My friend Anne and I spend a lot of time laughing. We are both full-time carers to our disabled children and we think it’s our sense of humour that keeps us sane. Sometimes the grins get a bit mad-looking and the laughter gets a bit manic but mostly we’re pretty good at finding humour in even the grimmest of situations. If cutbacks get worse we’re considering stand-up comedy.

Issues of incontinence are an unfortunate fact of disability life and the vagaries of continently-challenged toilet training have given us many a giggle over the years. Our personal experiences with our children may have been entertaining but there the humour ends.

All disabled people with continence difficulties are entitled to free incontinence products from their local HSE. Emily Logan, the Children’s Ombudsman has recently taken a hefty swipe at the HSE. She referred to its prevailing culture as ‘rotten’ and ‘self-serving’ and stated in no uncertain terms that it should be there to serve the public and not the other way round.

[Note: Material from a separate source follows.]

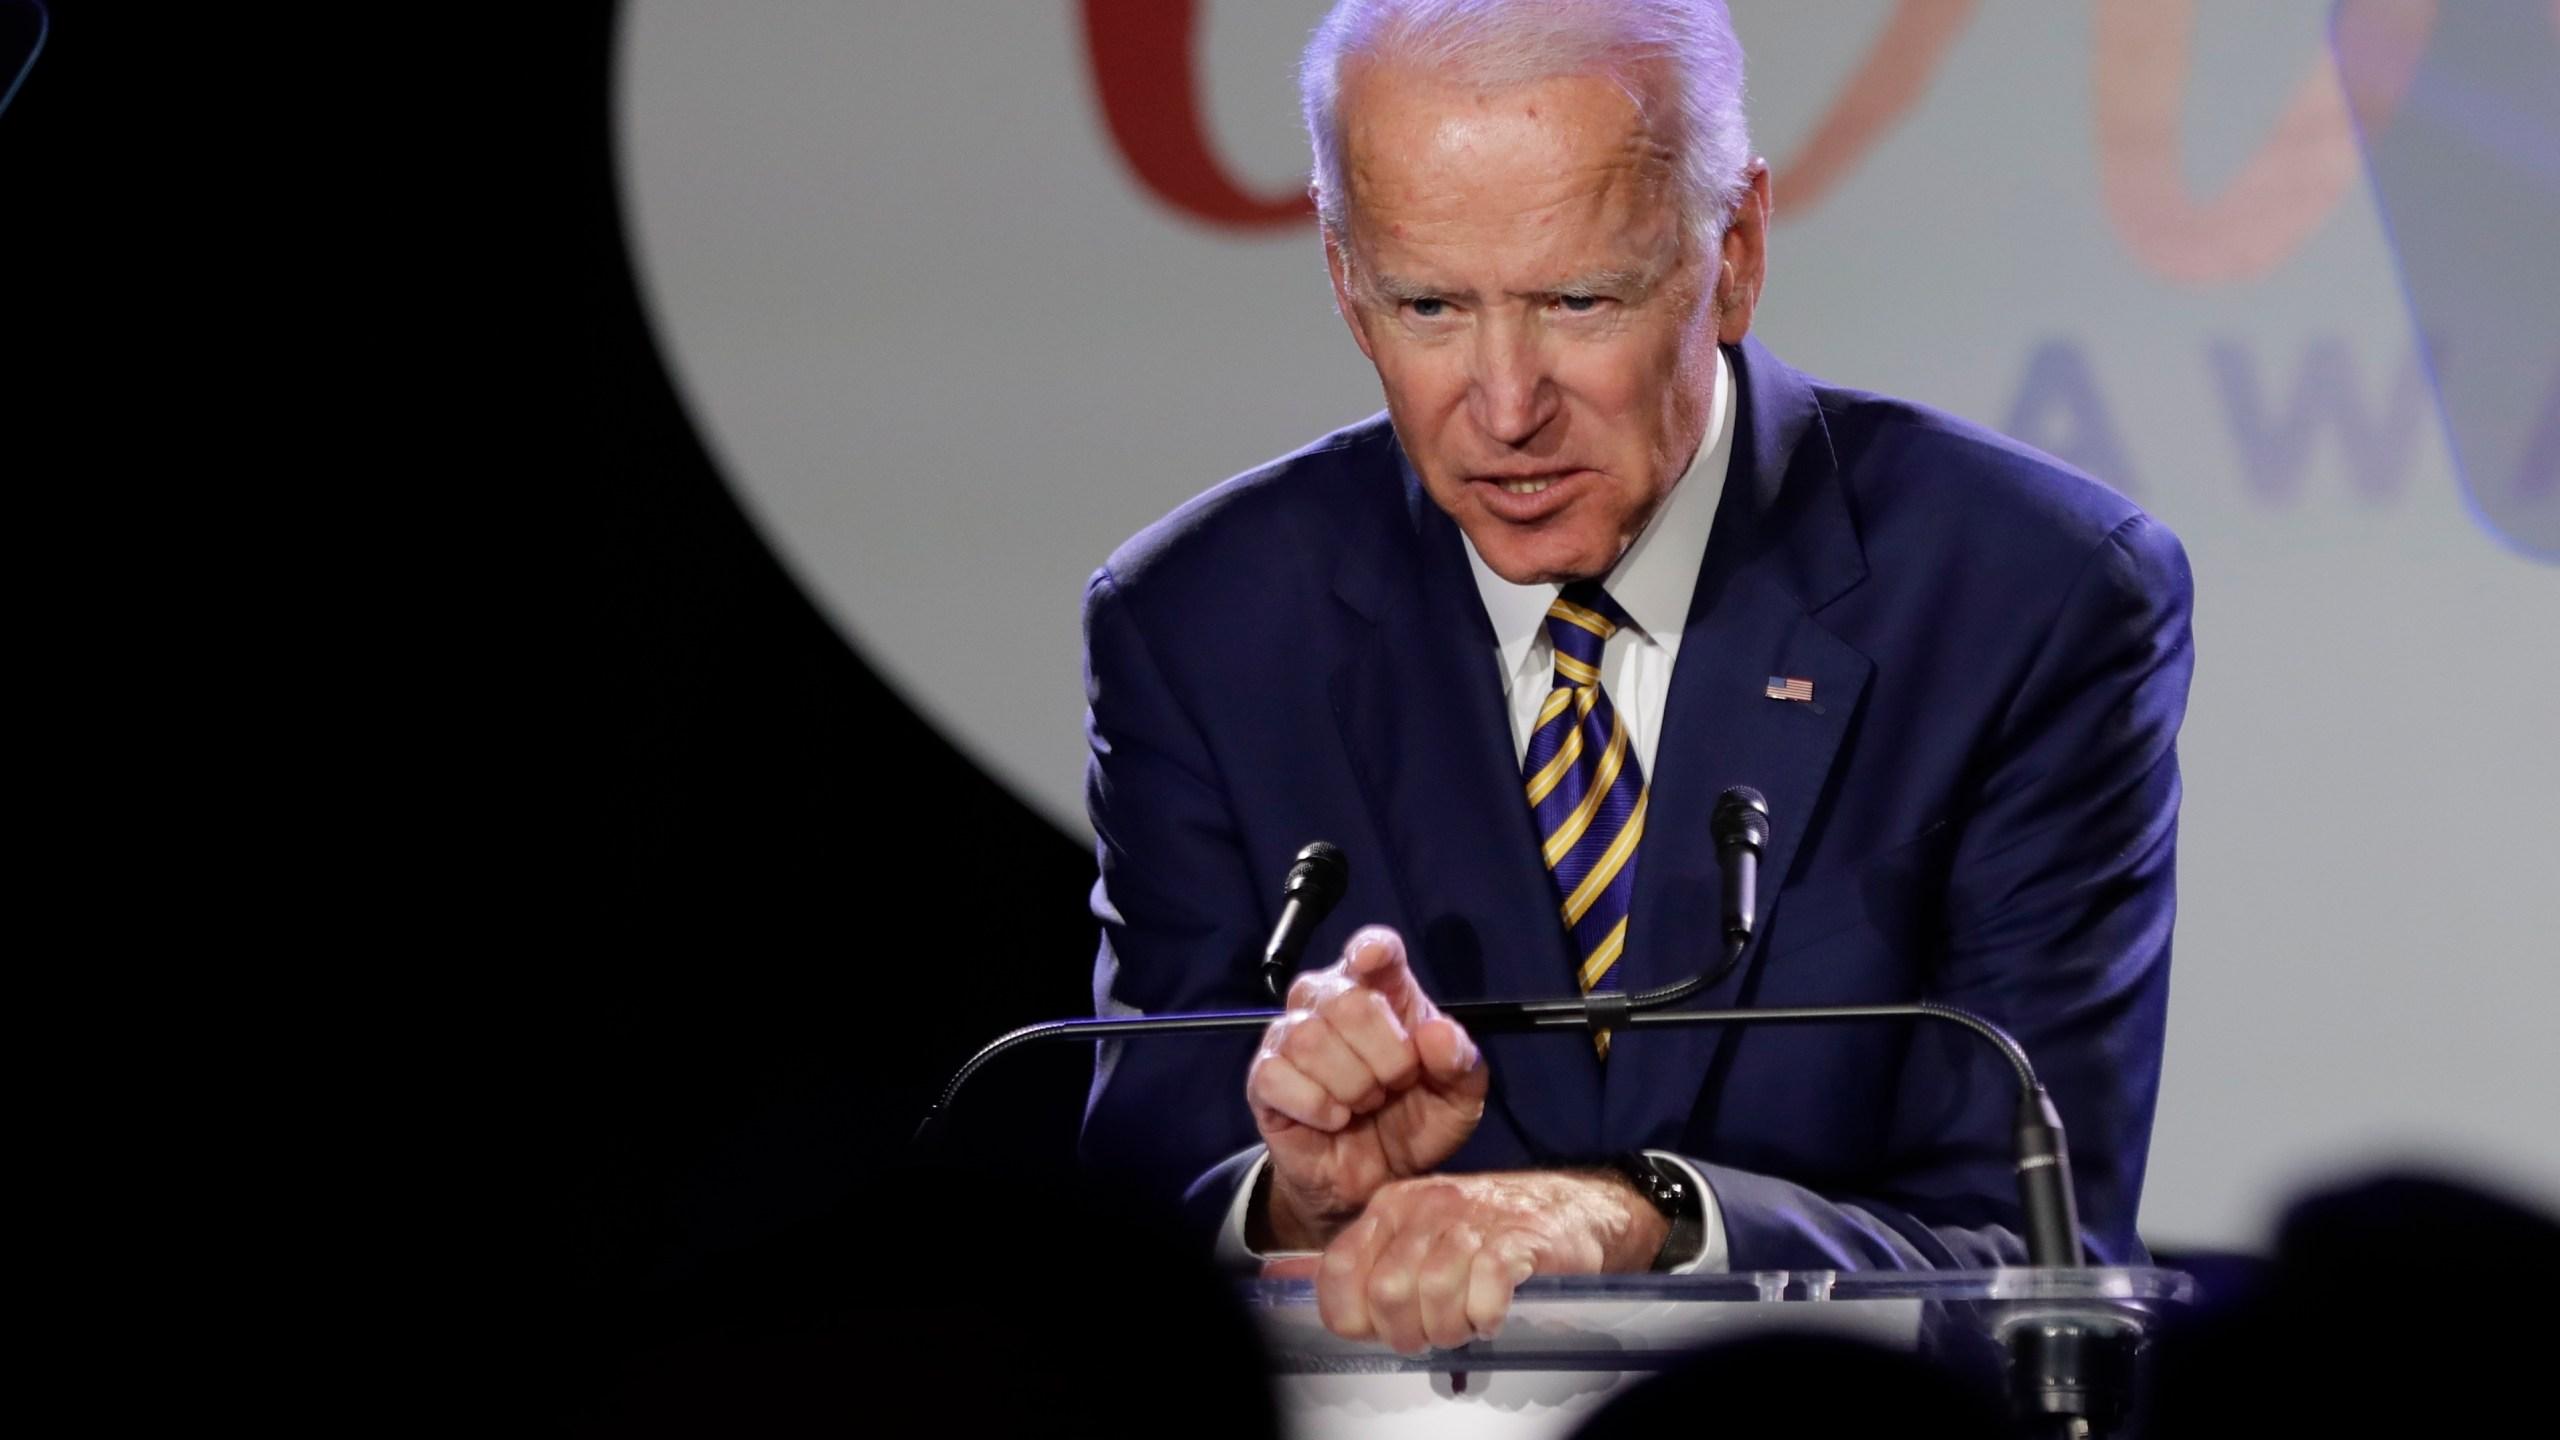 Election_2020_Joe_Biden_53157-159532.jpg31942436

The incontinent disabled and their carers are placed in a very vulnerable position. Continuously needed incontinence supplies are expensive and cannot be afforded by either the disabled or their carers and so they have no choice to claim what is, after all, their medical and personal entitlement. But doing this can be a humiliating experience, as I found out when I became a single parent and found myself with no choice.

Our story is appalling but I’m telling it to illustrate the truth of Emily Logan’s words.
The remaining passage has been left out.